Quote from: Jurczak et al. Amer J of Physiology - Endocrinology and Metabolism 2007
...following a meal, dietary lipid is stored by adipose tissue, and glucose is disposed of as glycogen by the skeletal muscle and to a lesser extent by the liver. Alternately, glucose can be utilized postprandially by the liver and adipocytes for de novo lipogenesis and long-term storage as triglyceride. However, adipocytes [edit: fat cells] also store glucose as glycogen, albeit at substantially lower rates than in skeletal muscle and liver, so the physiological role of adipocytic glycogen metabolism remains unclear.
...and one more suggesting that glycogen in fat cells may serve a regulatory function - i.e. tell the fat cells that there are enough raw materials for the cells to synthesize/store more fat.

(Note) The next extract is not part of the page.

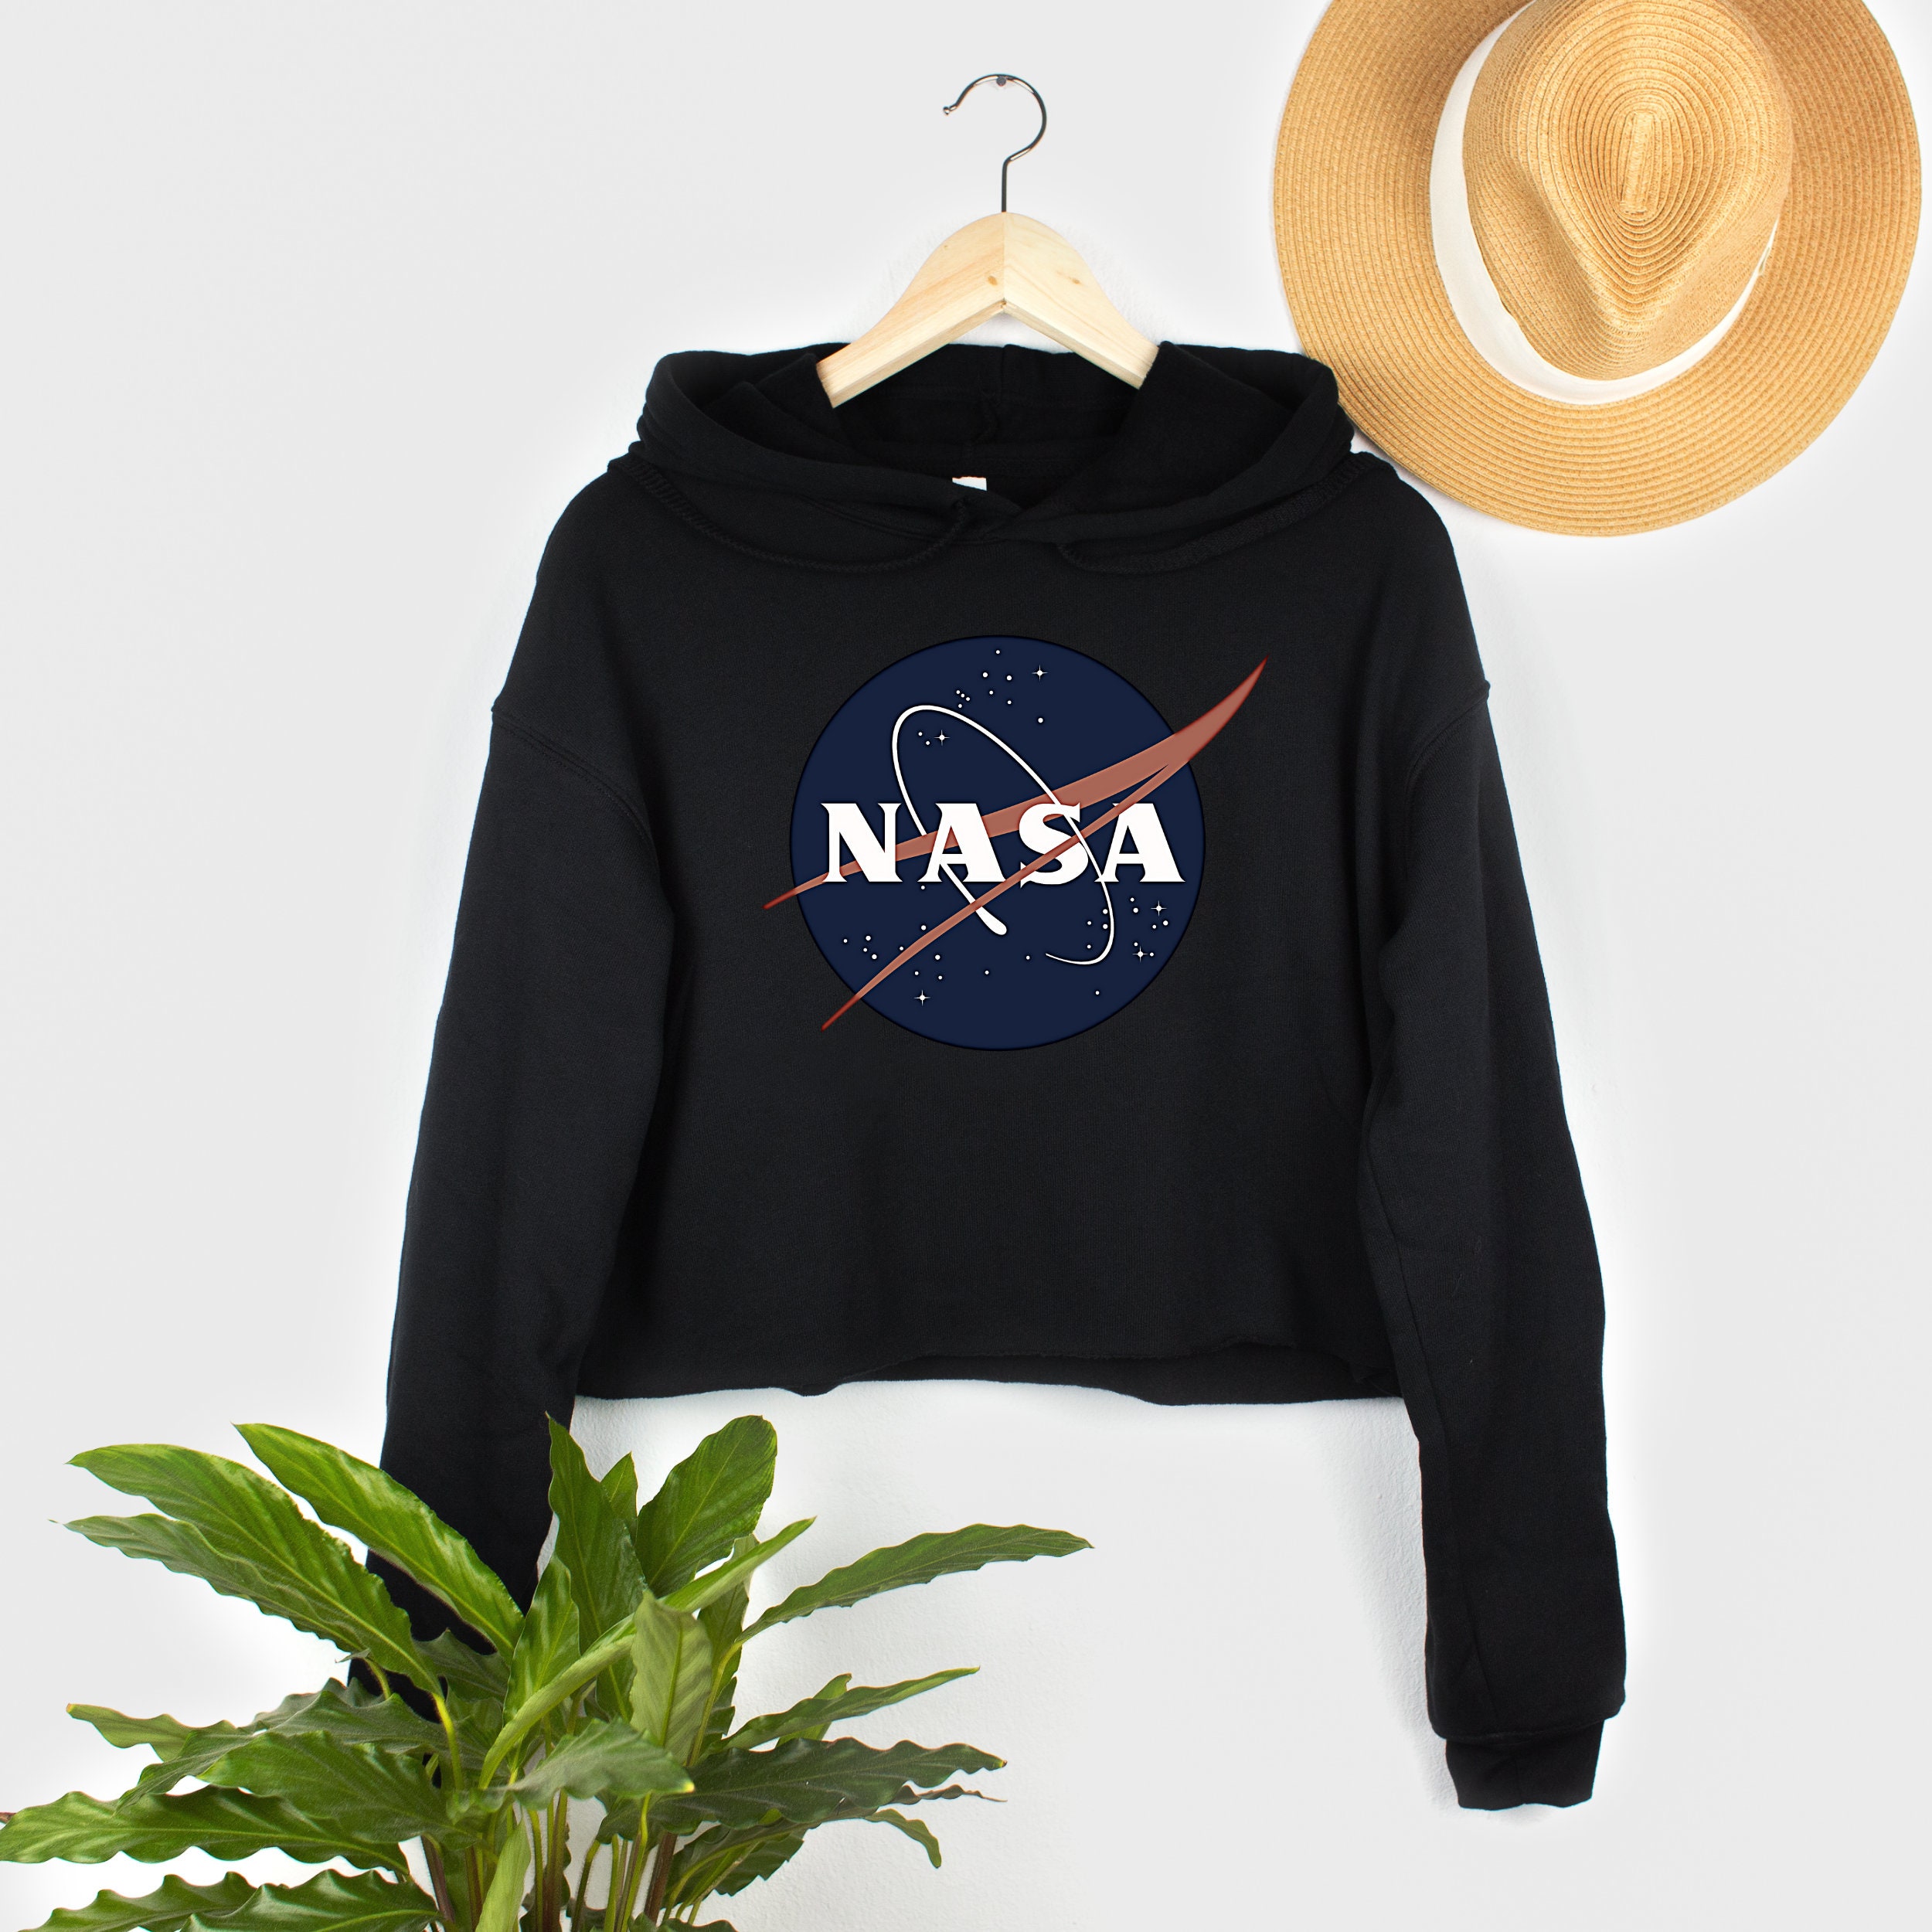 Crop Sweatshirt Crop Hoodie NASA NASA Shirt Sweatshirt - Etsy New Zealand

Quote from: Stapleton et al. Proteome Science 2013
The function of glycogen in adipose tissue is not well understood but appears to have a pivotal role as a regulatory mechanism informing the cells on substrate availability for triacylglycerol synthesis.
I could be wrong, but it sounds like the amount of glycogen in fat cells (and a few other tissues) is pretty miniscule and may not serve the same energy storage function as glycogen in liver and muscle.

Awesome, I had a feeling that it might have a negligible effect and kind of felt bad about arguing the point.

After I made the post I did a 60 minute fasted swim-and-run workout to meditate on glycogen depletion and I thought, "Hey, wait a second, what athletes require lots of glycogen or efficient glycogen use for success?" Then I looked up photos of rowers, cyclists, swimmers, and of course, marathon runners. These people have something in common!

Yet, I'm proposing that more bodyfat would be beneficial for endurance in these, and other, endurance sports. Hm.